Sahur sayıklaması

“Olasılıksız” kitabına başlayayım dedim, birkaç sayfa okudum gerisi gelmedi. İyi bir roman olduğunu hissediyorum ama giremiyorum içine. Harari’den sonra roman okumak çocukça geliyor. Bilimsel bazı hakikatler eşliğinde olmasa sadece kurgu tatmin etmiyor insanı. Adam Fawer’in eserini 2009 yılında İstanbul’da askerde almıştım. Kitaplıkta duruyor, ne zaman alıp okurum Allah bilir.

Ramazan öncesi birkaç hafta Harari okumakla yeterince melankolik bir ruh haletine girdim. Bununla devam etsem Ramazanın zaten çoktandır az hissettiğim manevi feyzi bütünüyle buharlaşabilir. Bu kadar feyizsizliği göze alamam. Geçen seneki Ramazanımı Irvin D. Yalom’un Divan’ı berbat etmişti. Aynı şeyi yaşamak istemiyorum. Ramazan ve roman. Ne  kadar da uyumsuz birbiriyle.

Havalar kıvamında. Ne sıcak ne soğuk. Tam bana göre. Sahur nadir, iftar var yalnızca. Mutluluk dediğimiz şey ne aslında? Bir anlık bir namaz, bir mukabele, bir sadaka, güzel bir kitabın satırları arasında halvet, maaşa yapılan minnacık bir zam… Ama bu durum günde belki on defa tekrar eder. Namaz, mukabele, kitap, zam bunlar bittikten sonra o bir anlık haz yerini eleme bırakır. Bir günde bazen defalarca hazdan eleme; elemden hazza geçeriz.
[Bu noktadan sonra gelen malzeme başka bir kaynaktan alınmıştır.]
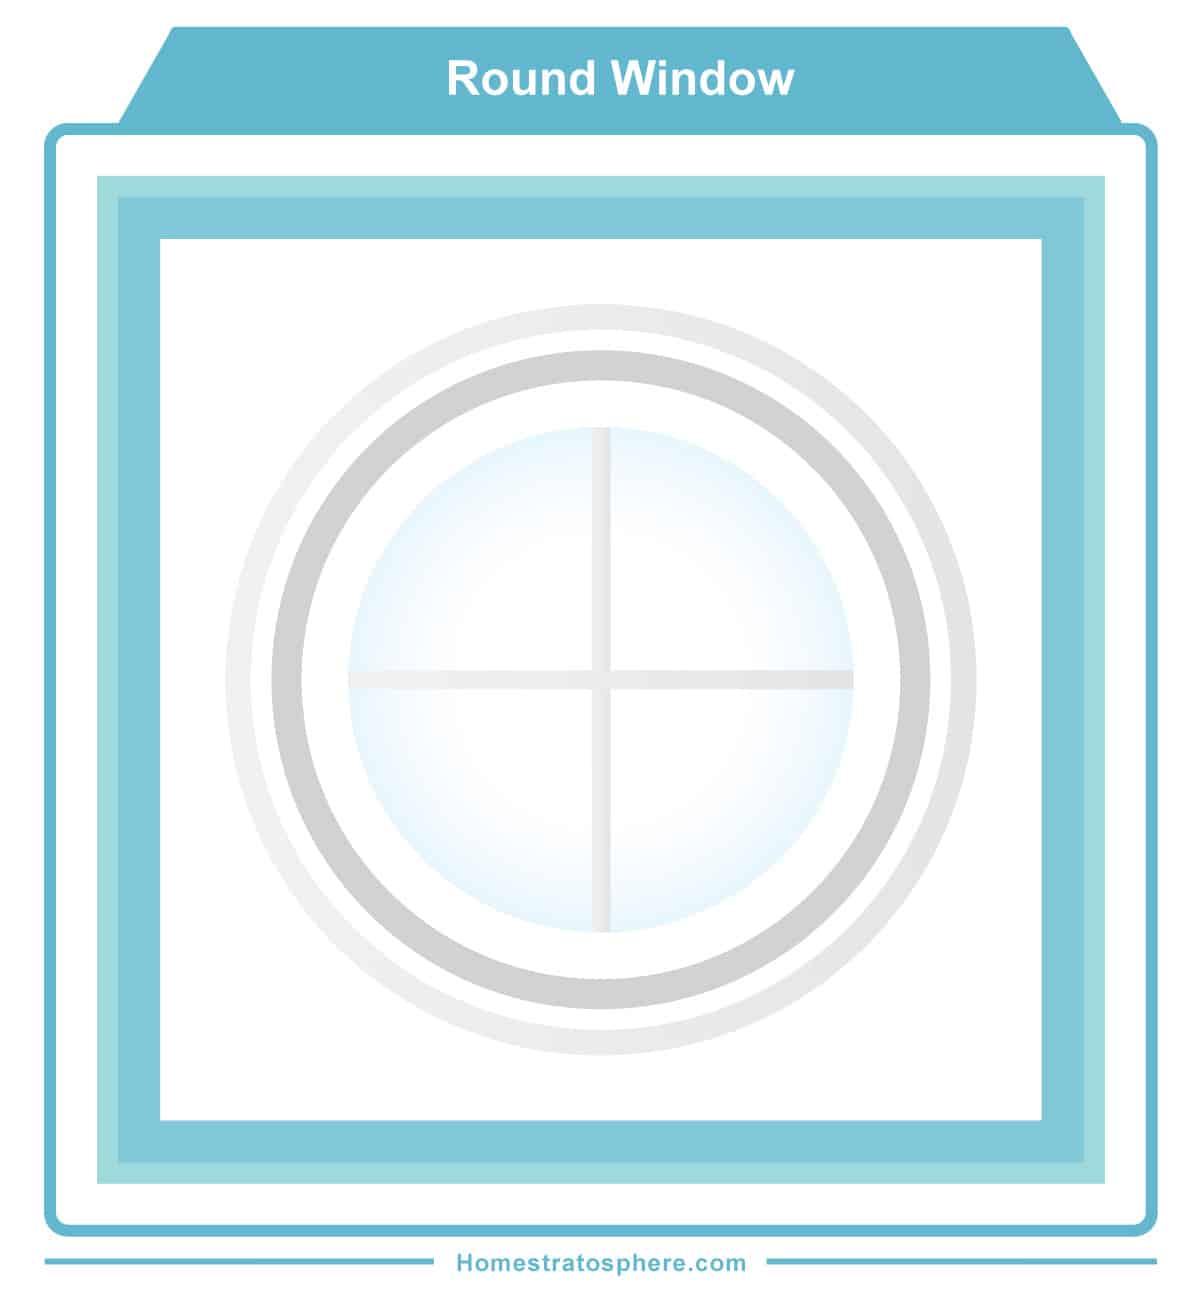 Round window diagram example

Celal ve cemal tecellisi, kabz ve bast hali. Bu durumun irfan geleneğimizdeki izahı bundan ibaret. Haz haletini sabitlemek insanın elinde değil. Çünkü insan çoğunlukla mâruz kalan bir varlık. Tanpınar’ın ifadesiyle “mâruz müşahit” insan.

Öğle mukabelesine Ulu Cami’de devam. Teravihlere daha siftah yapamadım. Kur’an, Cevşen, evrad iklimi uzak henüz. Siyasi hava çok bulanık ve gergin. 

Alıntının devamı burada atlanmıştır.